Assignment.
Of the entries below, return exactly those lines that fall between the one containing "미스터리) SCP 소개 만화 91화~100화 | 인스티즈" and the one containing "Etikett: Oval silverfärgad", the two end lines included.

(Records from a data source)
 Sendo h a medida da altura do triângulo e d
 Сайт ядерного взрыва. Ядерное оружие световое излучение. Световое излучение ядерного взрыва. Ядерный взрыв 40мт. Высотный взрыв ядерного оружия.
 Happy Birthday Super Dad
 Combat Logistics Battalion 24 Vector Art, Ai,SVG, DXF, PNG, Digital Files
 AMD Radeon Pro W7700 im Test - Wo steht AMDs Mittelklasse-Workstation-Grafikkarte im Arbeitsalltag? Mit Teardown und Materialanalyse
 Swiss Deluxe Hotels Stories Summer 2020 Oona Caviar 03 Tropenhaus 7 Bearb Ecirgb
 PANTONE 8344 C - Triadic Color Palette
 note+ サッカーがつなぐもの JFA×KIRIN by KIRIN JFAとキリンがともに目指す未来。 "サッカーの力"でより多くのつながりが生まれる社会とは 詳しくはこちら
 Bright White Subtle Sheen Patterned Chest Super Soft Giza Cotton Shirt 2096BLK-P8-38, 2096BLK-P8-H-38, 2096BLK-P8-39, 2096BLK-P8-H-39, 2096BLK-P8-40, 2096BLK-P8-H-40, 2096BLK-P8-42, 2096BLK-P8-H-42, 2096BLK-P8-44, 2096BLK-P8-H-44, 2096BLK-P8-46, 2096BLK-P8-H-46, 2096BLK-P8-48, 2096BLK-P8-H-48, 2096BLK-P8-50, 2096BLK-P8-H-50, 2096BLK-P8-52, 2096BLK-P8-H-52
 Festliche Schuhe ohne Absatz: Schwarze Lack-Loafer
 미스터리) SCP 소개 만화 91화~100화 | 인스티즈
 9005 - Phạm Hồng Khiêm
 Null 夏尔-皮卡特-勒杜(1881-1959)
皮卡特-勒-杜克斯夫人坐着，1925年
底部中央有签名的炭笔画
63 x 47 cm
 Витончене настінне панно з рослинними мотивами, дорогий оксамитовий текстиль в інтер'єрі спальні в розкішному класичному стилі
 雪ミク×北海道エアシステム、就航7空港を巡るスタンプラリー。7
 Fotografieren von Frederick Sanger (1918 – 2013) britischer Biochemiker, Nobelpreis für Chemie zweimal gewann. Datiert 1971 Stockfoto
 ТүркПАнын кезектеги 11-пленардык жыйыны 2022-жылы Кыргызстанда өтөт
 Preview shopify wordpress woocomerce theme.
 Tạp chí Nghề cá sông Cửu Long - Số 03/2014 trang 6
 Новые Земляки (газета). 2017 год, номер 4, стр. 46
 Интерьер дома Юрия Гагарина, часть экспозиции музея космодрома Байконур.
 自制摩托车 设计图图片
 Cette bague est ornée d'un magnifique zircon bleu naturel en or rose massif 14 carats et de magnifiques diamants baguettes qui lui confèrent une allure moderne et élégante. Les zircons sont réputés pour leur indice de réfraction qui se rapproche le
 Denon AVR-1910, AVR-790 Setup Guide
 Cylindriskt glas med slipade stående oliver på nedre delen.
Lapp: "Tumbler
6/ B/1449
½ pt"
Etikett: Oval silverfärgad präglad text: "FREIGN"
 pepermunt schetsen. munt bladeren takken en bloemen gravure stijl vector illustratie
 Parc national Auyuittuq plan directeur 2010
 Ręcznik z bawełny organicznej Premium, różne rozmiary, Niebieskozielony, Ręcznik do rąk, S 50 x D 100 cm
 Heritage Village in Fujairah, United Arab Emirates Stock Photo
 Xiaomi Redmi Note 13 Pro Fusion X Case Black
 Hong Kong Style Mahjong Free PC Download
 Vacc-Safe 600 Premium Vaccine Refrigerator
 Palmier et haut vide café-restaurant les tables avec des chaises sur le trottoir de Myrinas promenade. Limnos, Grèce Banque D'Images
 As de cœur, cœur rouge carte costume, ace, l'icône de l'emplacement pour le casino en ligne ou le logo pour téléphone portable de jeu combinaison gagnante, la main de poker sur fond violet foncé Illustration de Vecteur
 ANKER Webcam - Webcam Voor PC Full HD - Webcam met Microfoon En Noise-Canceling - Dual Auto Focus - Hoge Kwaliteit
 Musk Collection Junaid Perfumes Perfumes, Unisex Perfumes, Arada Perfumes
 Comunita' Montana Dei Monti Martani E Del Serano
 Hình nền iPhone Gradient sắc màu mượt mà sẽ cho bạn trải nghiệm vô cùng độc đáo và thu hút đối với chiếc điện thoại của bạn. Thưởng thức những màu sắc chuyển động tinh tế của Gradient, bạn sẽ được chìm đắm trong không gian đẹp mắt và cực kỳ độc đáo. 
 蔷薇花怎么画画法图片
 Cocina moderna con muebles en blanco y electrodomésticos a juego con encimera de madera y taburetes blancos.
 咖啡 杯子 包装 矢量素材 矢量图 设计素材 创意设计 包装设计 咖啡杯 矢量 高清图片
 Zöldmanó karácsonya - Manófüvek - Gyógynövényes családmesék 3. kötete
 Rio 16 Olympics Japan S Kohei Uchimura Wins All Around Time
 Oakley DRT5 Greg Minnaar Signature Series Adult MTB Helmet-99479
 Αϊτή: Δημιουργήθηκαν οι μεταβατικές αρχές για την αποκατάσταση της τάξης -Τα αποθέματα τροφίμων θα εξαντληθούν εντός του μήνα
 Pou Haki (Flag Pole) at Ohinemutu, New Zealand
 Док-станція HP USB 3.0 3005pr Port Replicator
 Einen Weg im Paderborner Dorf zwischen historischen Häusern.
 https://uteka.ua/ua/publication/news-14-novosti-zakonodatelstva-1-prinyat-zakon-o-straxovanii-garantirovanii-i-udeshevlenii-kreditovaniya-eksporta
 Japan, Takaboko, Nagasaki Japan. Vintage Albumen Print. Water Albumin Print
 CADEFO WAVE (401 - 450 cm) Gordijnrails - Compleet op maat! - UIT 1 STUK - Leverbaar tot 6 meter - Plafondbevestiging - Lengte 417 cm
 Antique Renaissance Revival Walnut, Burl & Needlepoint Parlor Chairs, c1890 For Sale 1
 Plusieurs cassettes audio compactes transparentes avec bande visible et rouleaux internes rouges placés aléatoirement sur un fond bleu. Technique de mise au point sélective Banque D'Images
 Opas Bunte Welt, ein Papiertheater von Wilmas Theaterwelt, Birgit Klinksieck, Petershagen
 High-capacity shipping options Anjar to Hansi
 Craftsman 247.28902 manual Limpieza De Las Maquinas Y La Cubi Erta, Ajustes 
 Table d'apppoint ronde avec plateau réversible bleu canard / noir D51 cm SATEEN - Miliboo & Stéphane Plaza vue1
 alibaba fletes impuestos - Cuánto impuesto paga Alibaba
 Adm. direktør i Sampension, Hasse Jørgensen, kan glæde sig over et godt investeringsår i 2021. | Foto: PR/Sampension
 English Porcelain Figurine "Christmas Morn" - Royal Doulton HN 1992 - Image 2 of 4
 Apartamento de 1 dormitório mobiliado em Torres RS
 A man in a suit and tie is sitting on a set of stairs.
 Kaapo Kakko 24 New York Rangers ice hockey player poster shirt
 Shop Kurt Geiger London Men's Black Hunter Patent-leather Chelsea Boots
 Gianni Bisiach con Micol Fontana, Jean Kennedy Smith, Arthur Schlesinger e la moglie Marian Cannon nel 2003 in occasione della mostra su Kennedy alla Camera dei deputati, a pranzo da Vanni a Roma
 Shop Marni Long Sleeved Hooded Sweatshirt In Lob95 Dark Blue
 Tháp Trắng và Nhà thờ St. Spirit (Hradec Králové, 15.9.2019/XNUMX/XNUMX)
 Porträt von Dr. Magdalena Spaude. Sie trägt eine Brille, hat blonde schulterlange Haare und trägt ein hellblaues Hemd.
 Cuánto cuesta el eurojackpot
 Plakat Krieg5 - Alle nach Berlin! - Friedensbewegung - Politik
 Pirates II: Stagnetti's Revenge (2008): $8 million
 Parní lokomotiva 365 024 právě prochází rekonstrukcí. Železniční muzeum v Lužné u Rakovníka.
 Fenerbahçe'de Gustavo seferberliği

Exercise result.
 미스터리) SCP 소개 만화 91화~100화 | 인스티즈
 9005 - Phạm Hồng Khiêm
 Null 夏尔-皮卡特-勒杜(1881-1959)
皮卡特-勒-杜克斯夫人坐着，1925年
底部中央有签名的炭笔画
63 x 47 cm
 Витончене настінне панно з рослинними мотивами, дорогий оксамитовий текстиль в інтер'єрі спальні в розкішному класичному стилі
 雪ミク×北海道エアシステム、就航7空港を巡るスタンプラリー。7
 Fotografieren von Frederick Sanger (1918 – 2013) britischer Biochemiker, Nobelpreis für Chemie zweimal gewann. Datiert 1971 Stockfoto
 ТүркПАнын кезектеги 11-пленардык жыйыны 2022-жылы Кыргызстанда өтөт
 Preview shopify wordpress woocomerce theme.
 Tạp chí Nghề cá sông Cửu Long - Số 03/2014 trang 6
 Новые Земляки (газета). 2017 год, номер 4, стр. 46
 Интерьер дома Юрия Гагарина, часть экспозиции музея космодрома Байконур.
 自制摩托车 设计图图片
 Cette bague est ornée d'un magnifique zircon bleu naturel en or rose massif 14 carats et de magnifiques diamants baguettes qui lui confèrent une allure moderne et élégante. Les zircons sont réputés pour leur indice de réfraction qui se rapproche le
 Denon AVR-1910, AVR-790 Setup Guide
 Cylindriskt glas med slipade stående oliver på nedre delen.
Lapp: "Tumbler
6/ B/1449
½ pt"
Etikett: Oval silverfärgad präglad text: "FREIGN"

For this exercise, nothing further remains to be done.